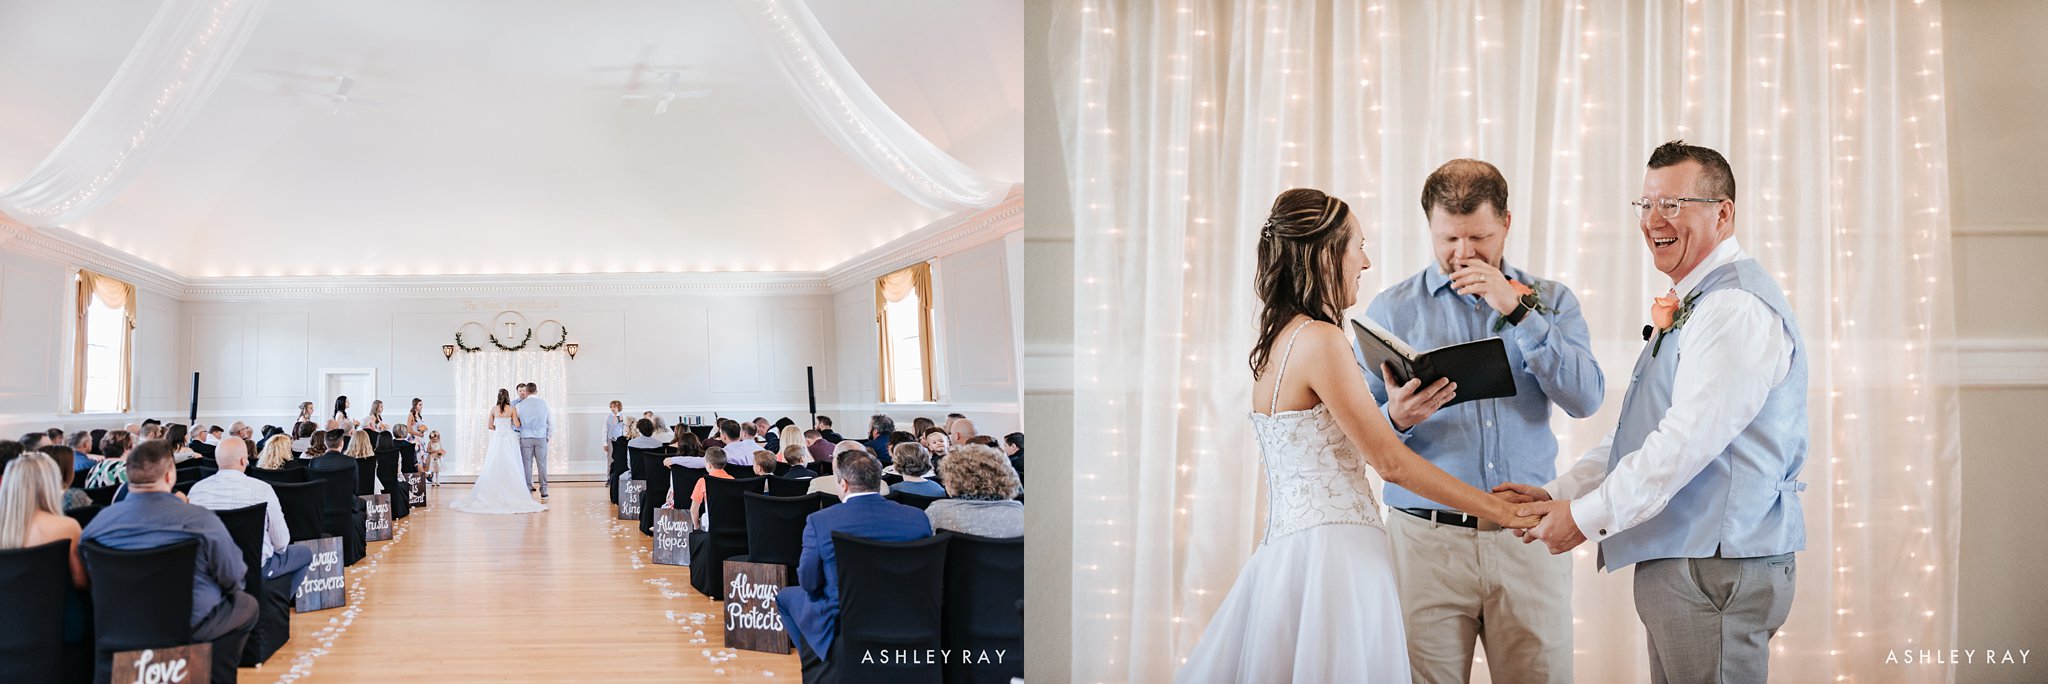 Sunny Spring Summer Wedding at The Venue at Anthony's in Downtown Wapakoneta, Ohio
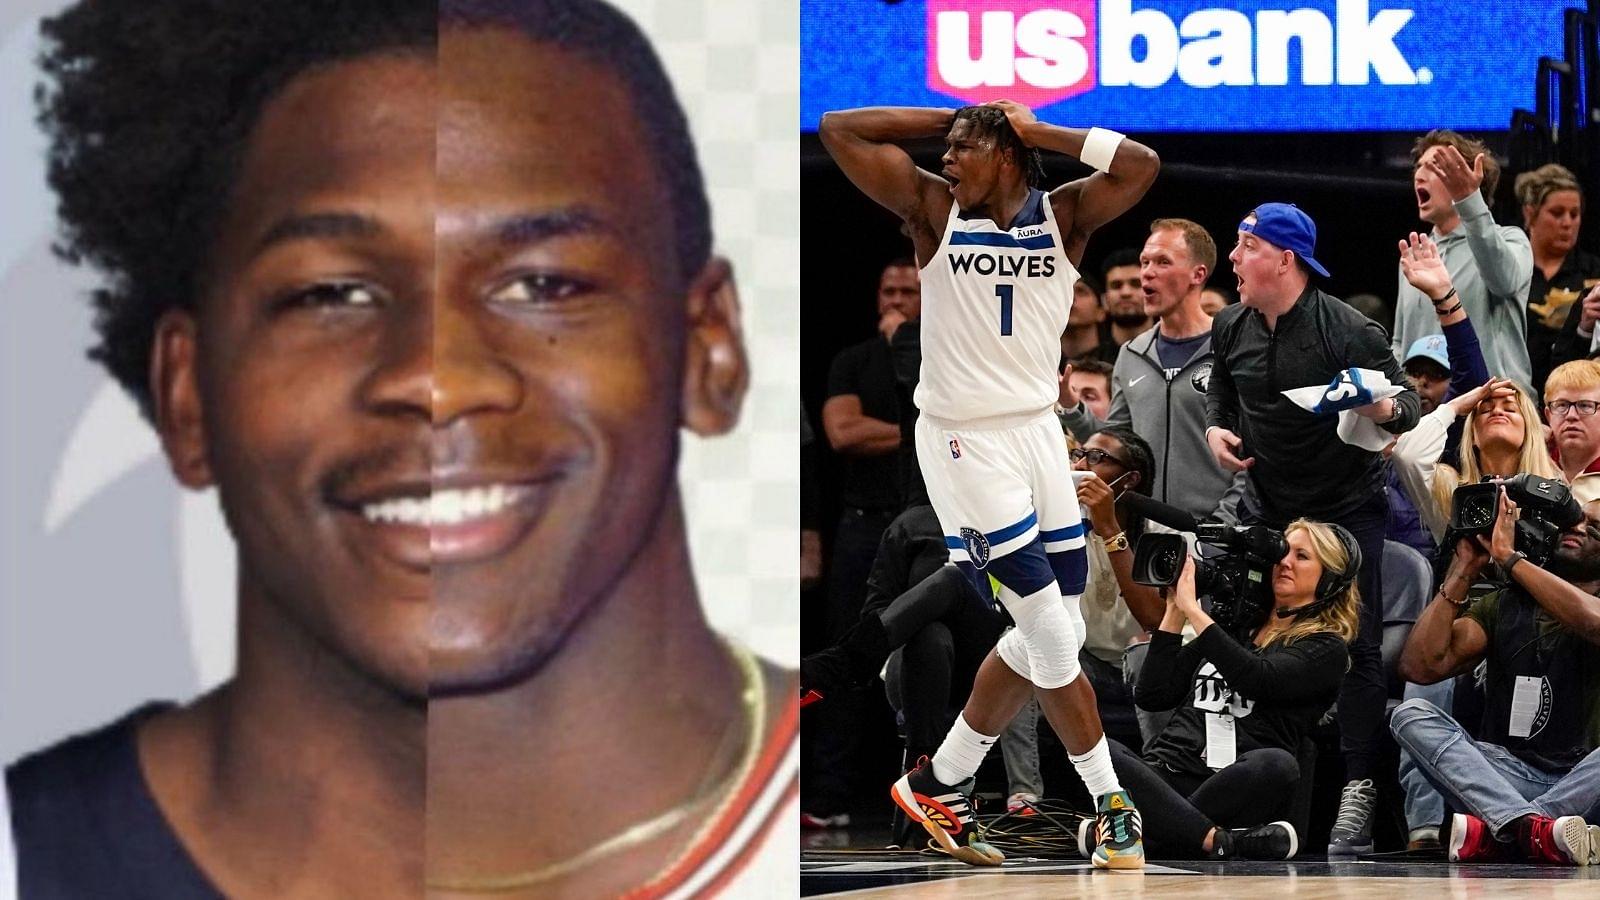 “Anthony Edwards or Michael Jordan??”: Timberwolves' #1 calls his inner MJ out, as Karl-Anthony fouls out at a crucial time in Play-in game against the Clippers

☆ ☆ ☆ ☆ ☆ ☆ ☆

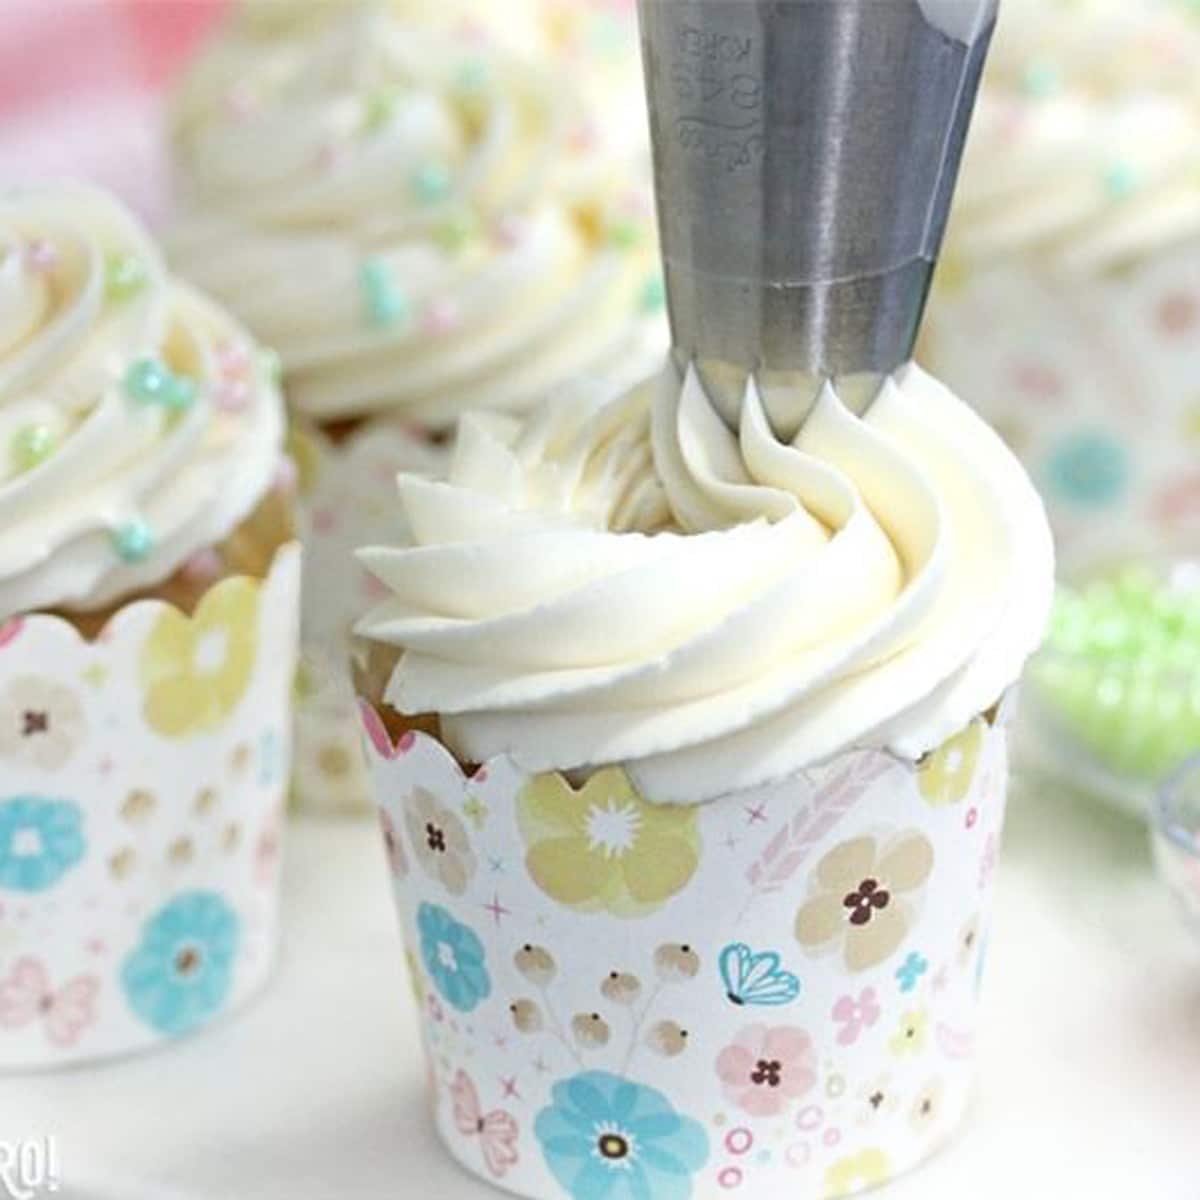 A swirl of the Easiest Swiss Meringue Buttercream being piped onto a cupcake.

☆ ☆ ☆ ☆ ☆ ☆ ☆

_TASK TO COMPLETE_. From the material above, output only the span of lines that starts at the one containing "Sunny Spring Summer" and finishes at the one containing "against the Clippers", word for word and free of pictures.

_OUTPUT OF THE EXERCISE_.
 Sunny Spring Summer Wedding at The Venue at Anthony's in Downtown Wapakoneta, Ohio
 “Anthony Edwards or Michael Jordan??”: Timberwolves' #1 calls his inner MJ out, as Karl-Anthony fouls out at a crucial time in Play-in game against the Clippers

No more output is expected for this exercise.